Thomas Laqueur

historien de la médecine et de la sexualité

Thomas W. Laqueur, né le , est un historien de la médecine, de la sexualité et du genre de nationalité américaine.

Thomas Laqueur lors d'une communication au Blinken Open Society Archives, à Budapest (Hongrie), en 2016.

La fabrique du sexe, 1992 (Making sex: body and gender, from the greeks to Freud, 1990) modifier

Ce livre porte donc sur la formation non pas du genre, mais du sexe. Mon propos n'est pas de nier la réalité du sexe ni du dimorphisme sexuel en tant que processus évolutif. Mais j'entends montrer, en m'appuyant sur des données historiques, que presque tout ce qu'on l'on peut vouloir dire sur le sexe - de quelque façon qu'on le comprenne - contient déjà une affirmation sur le genre.


En vérité, si le structuralisme nous a appris quelque chose, c'est bien que les humains imposent leur sentiment d'opposition à un monde de nuances continues de différences et de similitudes.


Aristote, que préoccupa terriblement la sexualité des hommes et des femmes libres, ne reconnaissait point de sexe parmi les esclaves. Pour Aristote, les esclaves n'ont pas de sexe parce que leur genre est politiquement insignifiant.
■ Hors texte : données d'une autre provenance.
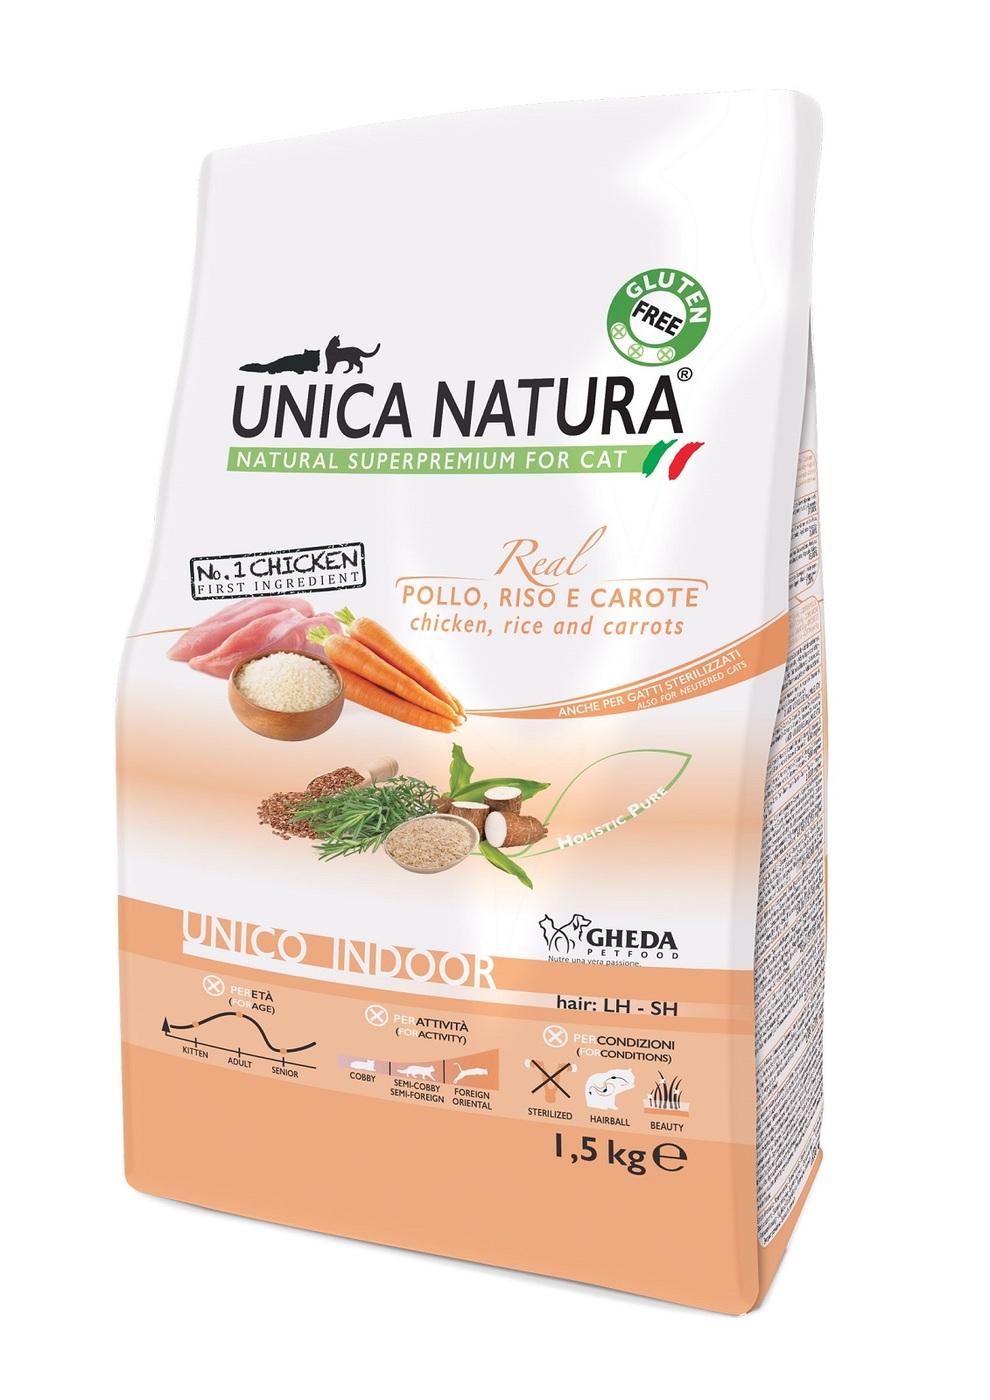 Сухой корм для кошек Unica Natura Unico Indoor - курица, рис, морковь (1,5кг)
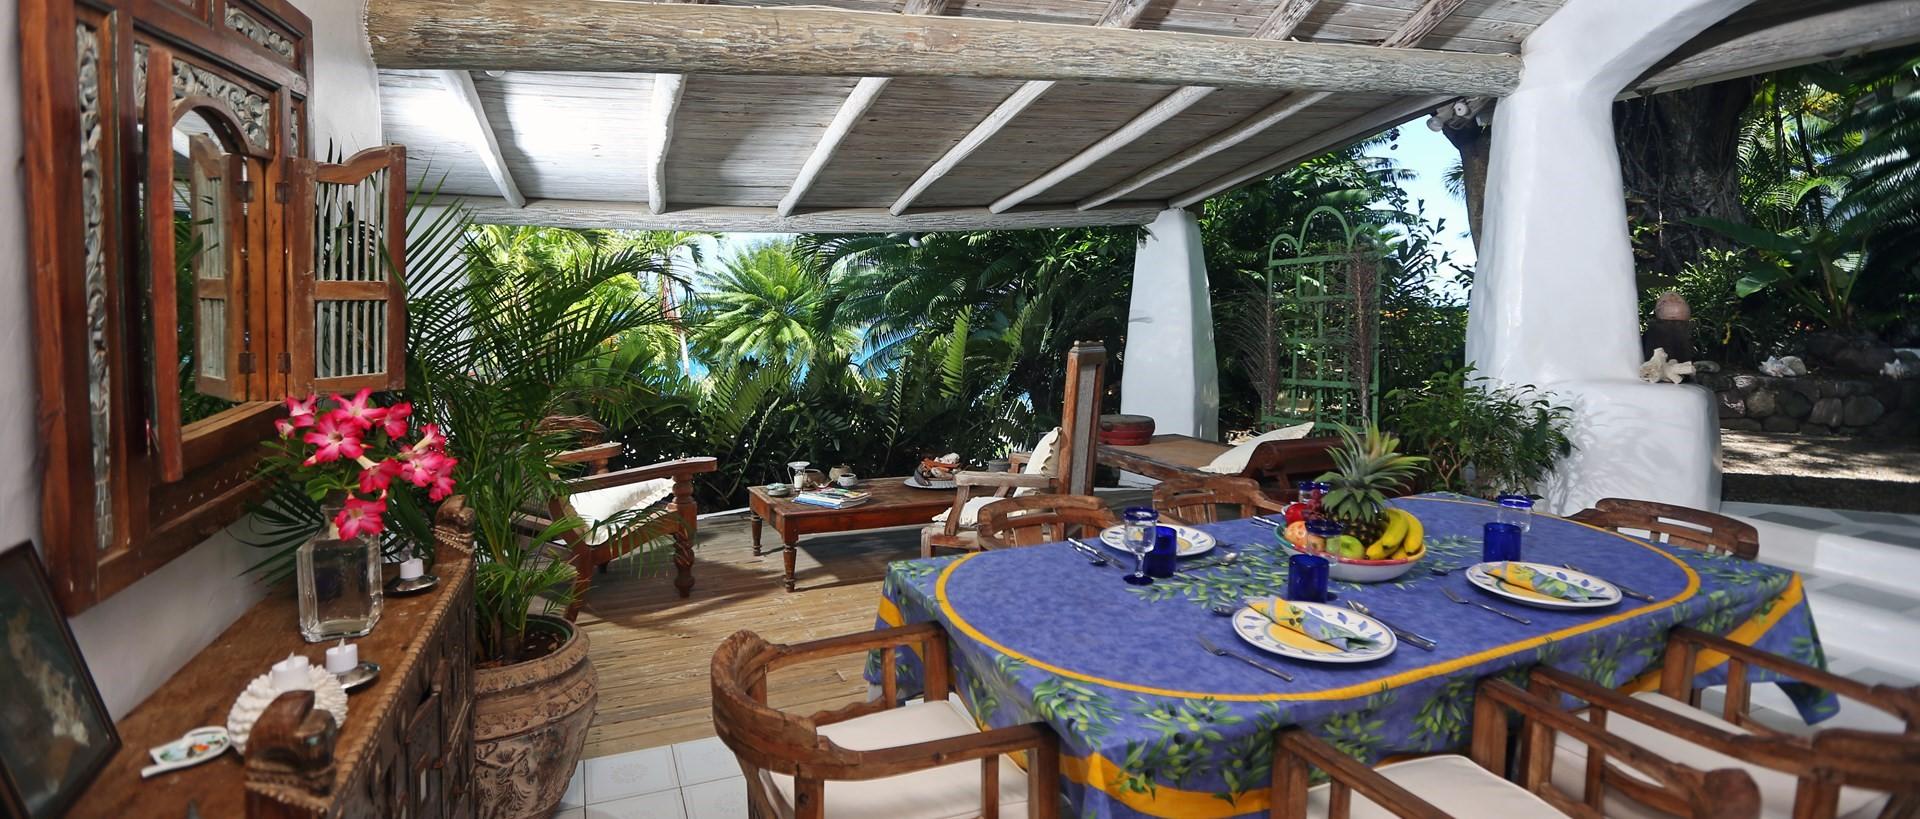 smugglers-nest-villa-al-fresco-dining

Dans un monde public à très forte prédominance masculine, le modèle unisexe affichait ce qui était déjà on ne peut plus clair dans la culture au sens le plus général : l'homme est la mesure de toute chose, et la femme n'existe pas en tant que catégorie ontologiquement distincte. Tous les mâles ne sont pas masculins, puissants, honorables ni n'exercent le pouvoir et, en chacune de ces catégories, il est des femmes qui dépassent les hommes. Mais l'étalon du corps humain et de ses représentations demeure le corps mâle.


Dans l'entendement des médecins de la renaissance, il ne devait y avoir qu'un seul sexe. Par ailleurs, il existait de toute évidence deux sexes sociaux, au moins, avec des droits et des obligations qui différaient du tout au tout et correspondaient plus ou moins à des échelons ou des stades plus ou moins haut de l'échelle corporelle des êtres. Il était impossible de considérer aucune forme de sexe - social ou biologique - comme fondatrice ou première, alors même que les divisions de genre - les catégories du sexe social - passaient certainement pour naturelles.


Le mâle est la femelle ne résidaient en rien de précis. Ainsi, pour les hermaphrodites, la question n'était pas de savoir de "quel sexe ils sont vraiment", mais vers quel genre l'architecture de leur corps les inclinait le plus volontiers. Les magistrats se souciaient moins de réalité corporelle - du sexe, comme nous dirions - que de maintenir des frontières sociales claires, bref de maintenir les catégories du genre.


Pendant le plus clair du XVIIe siècle, être homme ou femme c'est tenir un rang social, assumer un rôle culturel, et non être organiquement de l'un ou l'autre sexe. Le sexe était encore une catégorie sociologique, non pas ontologique.


Au XVIIIeme siècle, la voix de la Nature allait se faire entendre plus bruyamment. (...) on allait de plus en plus reconnaître dans le corps deux chairs, deux nouveaux sexes, distincts et opposés. Ceux que ces questions préoccupent n'allaient plus considérer la femme comme une version amoindrie de l'homme sur un axe vertical aux gradations infinies, mais plutôt comme une créature entièrement différente le long d'un axe horizontal dont la partie intermédiaire était largement vide.